With great detail, Luke tells us how God went to work to free Peter from a very dangerous position.  Luke tells us that Peter was guarded by 16 soldiers.  He was shackled in chains, and kept in a dark prison cell behind a series of locked doors.  None of these limitations, however, were enough to stop the living God from freeing His servant and answering the prayers of His people.  Peter is led by an angel past the guards, through the doors and out into the city streets.  Before Peter knew it, he was standing outside Mary’s house, knocking on the door and eager to join the prayer meeting for His release!  God had answered their prayers.  However, what happens next gives us a clue as to the way in which God answers their prayers . . . and ours.  Acts 12:13-16 tells it this way, “Peter knocked at the outer entrance, and a servant girl named Rhoda came to answer the door.  When she recognized Peter’s voice, she was so overjoyed, she ran back without opening it and exclaimed, ‘Peter is at the door!’  ‘You’re out of your mind,’ they told her.  When she kept insisting that it was so, they said, ‘It must be his angel.’  But Peter kept on knocking, and when they opened the door and saw him, they were astonished.”  I believe that this account gives us a good bit of insight into the exact prayers that the people had for Peter.  I don’t think that the people were praying specifically that Peter would be let out in the middle of the night, past the guards and through the locked gates.  If they had been praying that, then they would have been much more receptive to the possibility that Peter might have been at the door.  Instead, they ignored his presence and went back to praying!  Only when Peter knocks a second time do they welcome him in!

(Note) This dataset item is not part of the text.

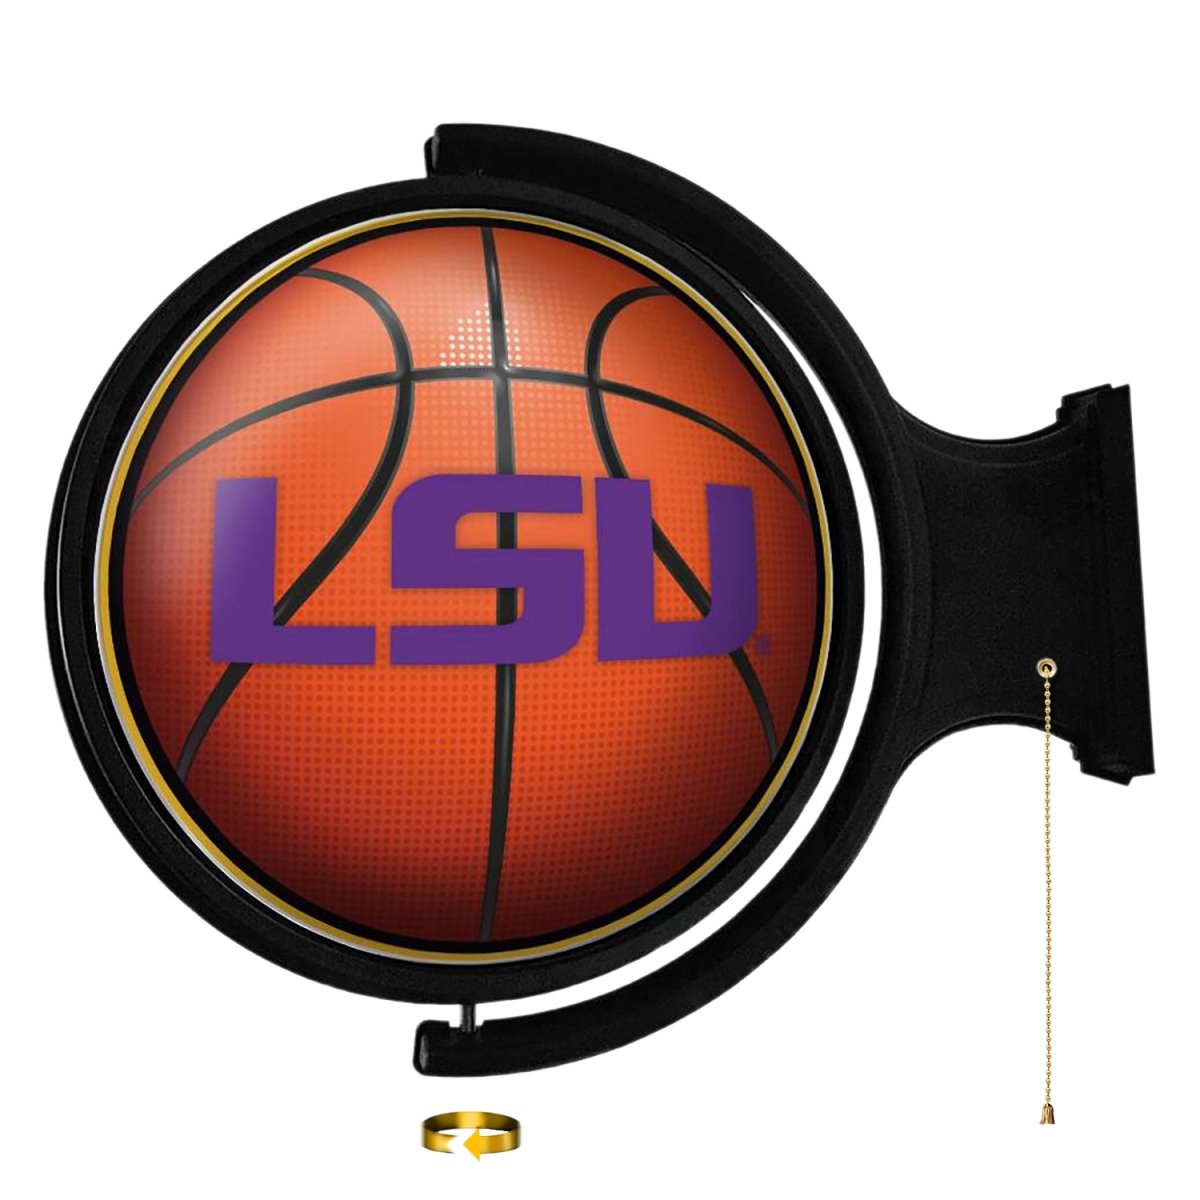 LSU Tigers: Basketball - Original Round Rotating Lighted Wall Sign - The Fan-Brand

This account gives me great hope and encouragement in my prayer life.  First of all, it informs me that God is not like Santa Claus, only answering the requests that he is capable to fill.  God is not limited by anything.  Chains, guards, locked doors, and angry kings could not restrict the plans of the Living God.  This gives me great hope in my prayer life.  It lets me know that there is nothing I can pray for that is beyond the scope of God’s power.  No illness is too deadly, no relationship is too fractured, and no opposition is too severe for our God.  I can take all things before God in prayer because He is able to work in all areas.

Furthermore, God is also not like a genie in a bottle.  He did not merely give them what they asked for, He gave them something better!  In the words of Ephesians 3:20, God granted them “immeasurably more than all we ask or imagine.”  He did not comfort Peter, he freed him.  God was not contained by the limited knowledge of the Jerusalem believers.  He did not do what was good, He did what was best!  That gives me great confidence as I approach God in prayer.  I do not have to be paralyzed in prayer, fearing that I will pray for the wrong thing before God and be stuck with the consequences of a prayer gone wrong. Whatever the specifics of my prayer, I can rejoice knowing that God will work the best in this situation, not simply taking orders from my limited perspective.  God was not limited by the specifics of their requests.  He is not limited by ours either.

So we have seen that God does answer prayers, and that He is fully able to do abundantly beyond all the believers could ask or imagine.  But why does God not answer all requests in this fashion?  In the book of Acts alone, Stephen is martyred in the streets and James was put to death by the sword.  Why does God spare the life of one and not the other?  Is He only answering some of the prayers?  The answer to this question goes back to the heart of the difference between Santa Claus, the genie, and the Living God.  In our fantasies, Santa and the genie exist to serve us as master.  The Living God exists to be our Master. . . and He knows what is best.  As a believer in Jesus Christ, we now have a new desire to be a part of God’s unfolding plan.  Prayer is something God has graciously created to help us to participate in that plan.